Background: Type 2 Diabetes Mellitus (T2DM) remains a critical global health challenge, necessitating robust predictive models to enable early detection and personalized interventions. This study presents a comprehensive bibliometric and systematic review of 33 years (1991-2024) of research on machine learning (ML) and artificial intelligence (AI) applications in T2DM prediction. It highlights the growing complexity of the field and identifies key trends, methodologies, and research gaps.

Methods: A systematic methodology guided the literature selection process, starting with keyword identification using Term Frequency-Inverse Document Frequency (TF-IDF) and expert input. Based on these refined keywords, literature was systematically selected using PRISMA guidelines, resulting in a dataset of 2,351 articles from Web of Science and Scopus databases.

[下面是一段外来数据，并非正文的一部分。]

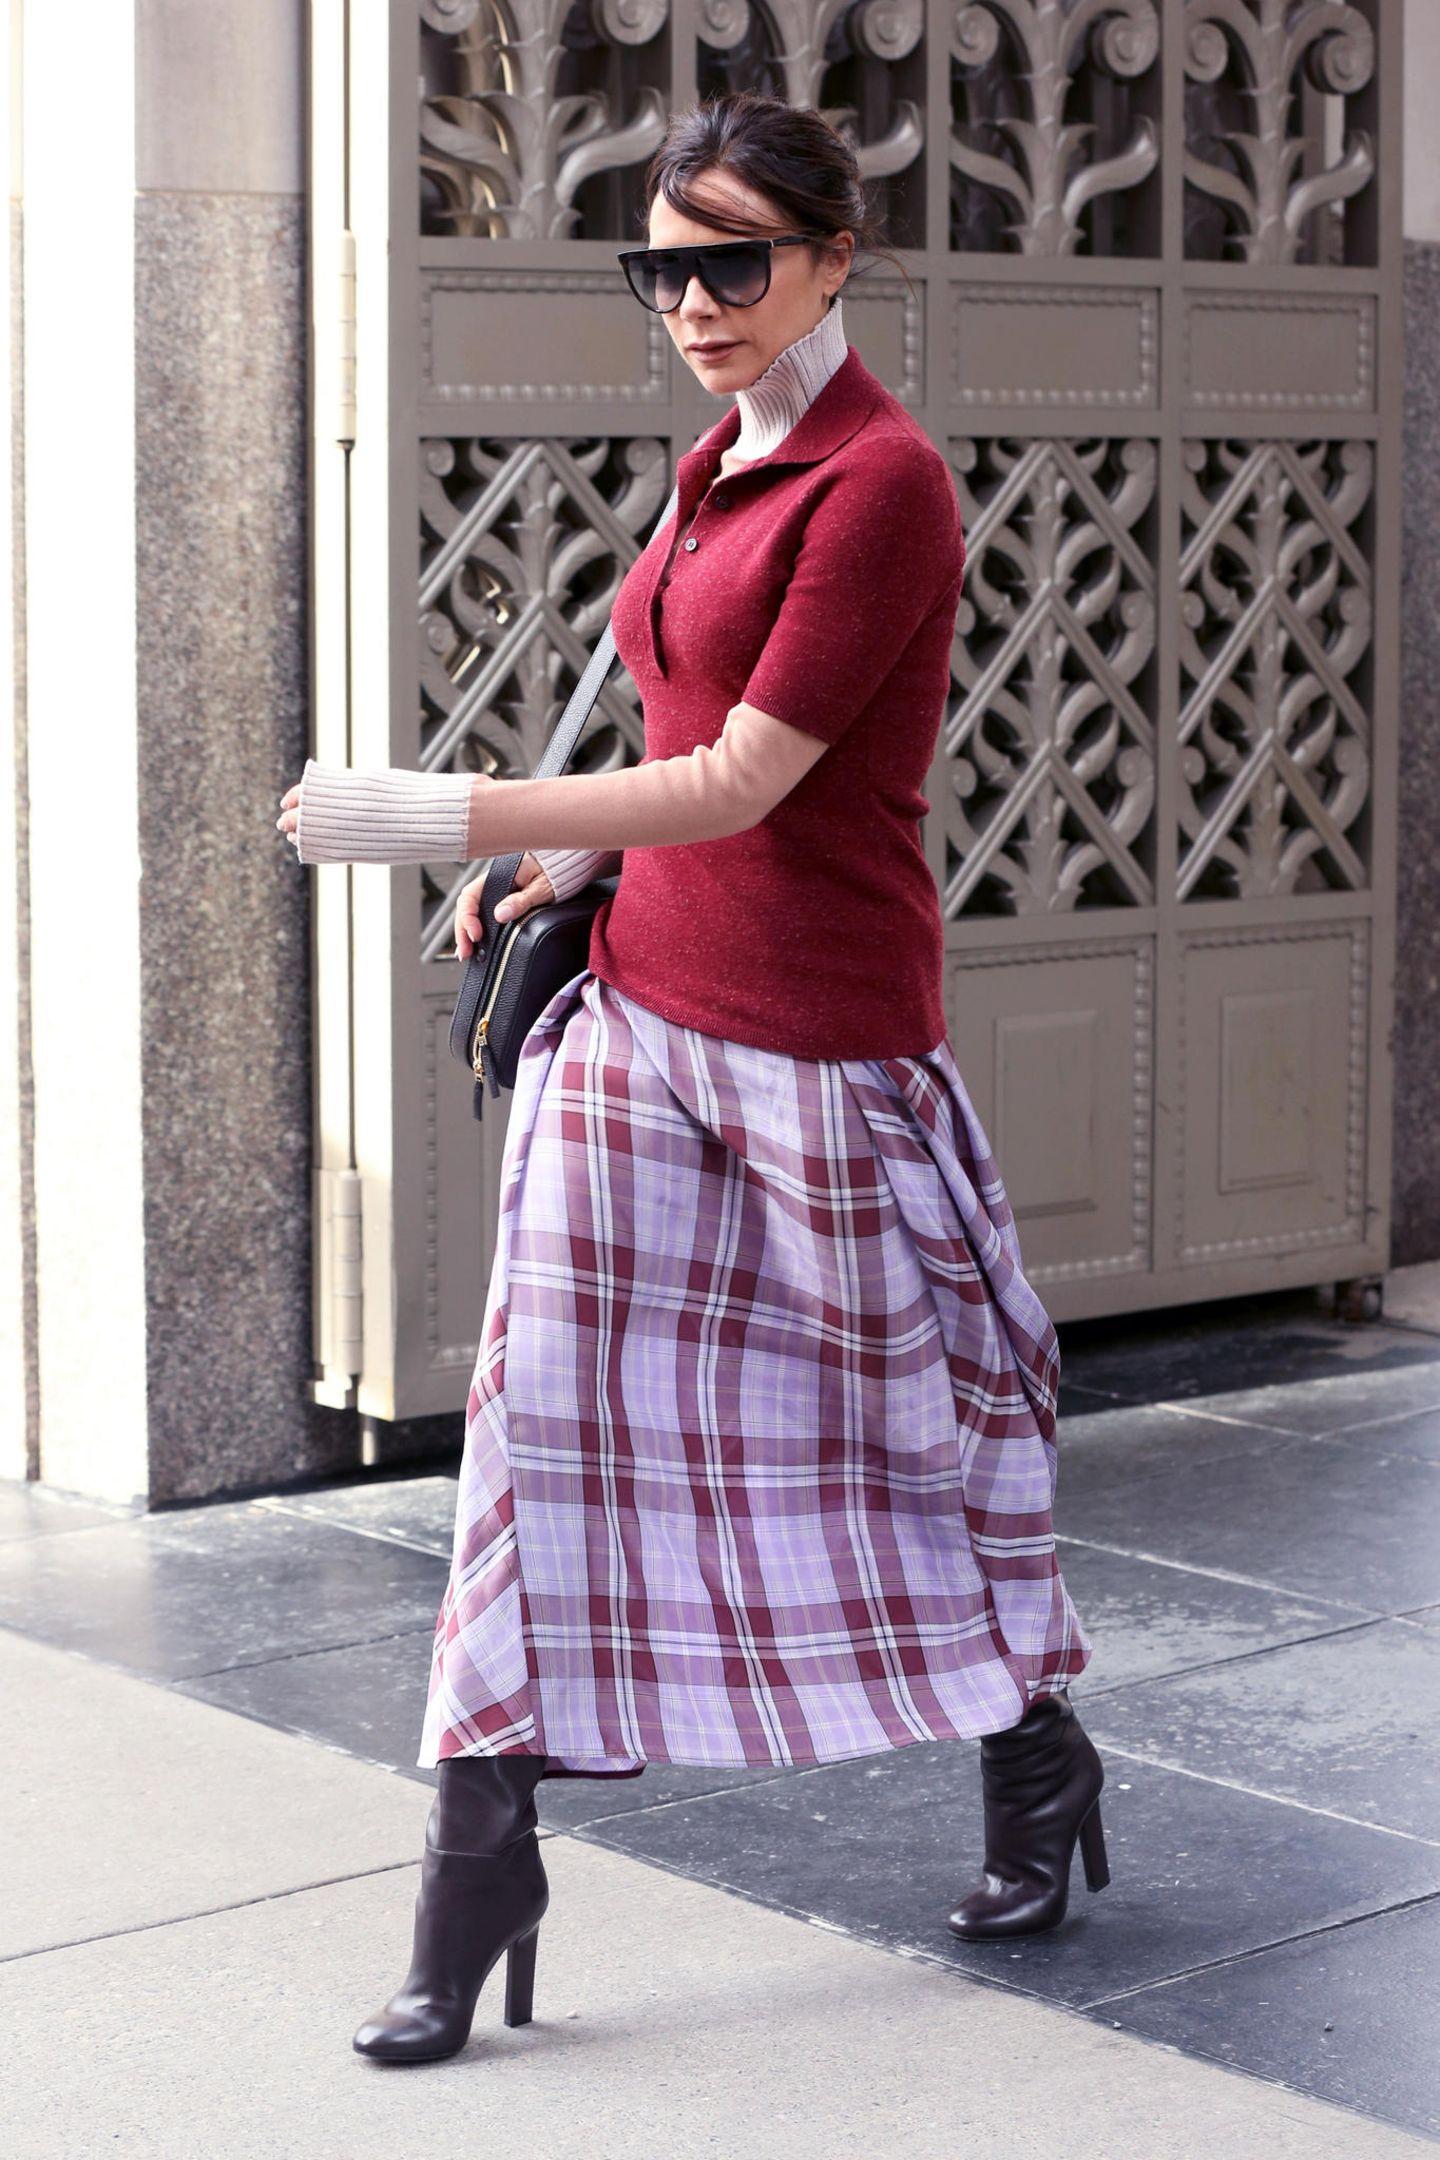 Trägt Victoria Beckham hier etwa eine Halskrause? Auf den ersten Blick könnte man das zumindest meinen. Auf den zweiten Blick erkennt man allerdings, dass es nur ihr stylischer Rollkragenpullover ist.

Bibliometric analysis was performed on the entire selected dataset using tools such as VOSviewer and Bibliometrix, enabling thematic clustering, co-citation analysis, and network visualization. To assess the most impactful literature, a dual-criteria methodology combining relevance and impact scores was applied. Articles were qualitatively assessed on their alignment with T2DM prediction using a four-point relevance scale and quantitatively evaluated based on citation metrics normalized within subject, journal, and publication year. Articles scoring above a predefined threshold were selected for detailed review. The selected literature spans four time periods: 1991-2000, 2001-2010, 2011-2020, and 2021-2024.

Results: The bibliometric findings reveal exponential growth in publications since 2010, with the USA and UK leading contributions, followed by emerging players like Singapore and India. Key thematic clusters include foundational ML techniques, epidemiological forecasting, predictive modelling, and clinical applications. Ensemble methods (e.g., Random Forest, Gradient Boosting) and deep learning models (e.g., Convolutional Neural Networks) dominate recent advancements. Literature analysis reveals that, early studies primarily used demographic and clinical variables, while recent efforts integrate genetic, lifestyle, and environmental predictors. Additionally, literature analysis highlights advances in integrating real-world datasets, emerging trends like federated learning, and explainability tools such as SHAP (SHapley Additive exPlanations) and LIME (Local Interpretable Model-agnostic Explanations).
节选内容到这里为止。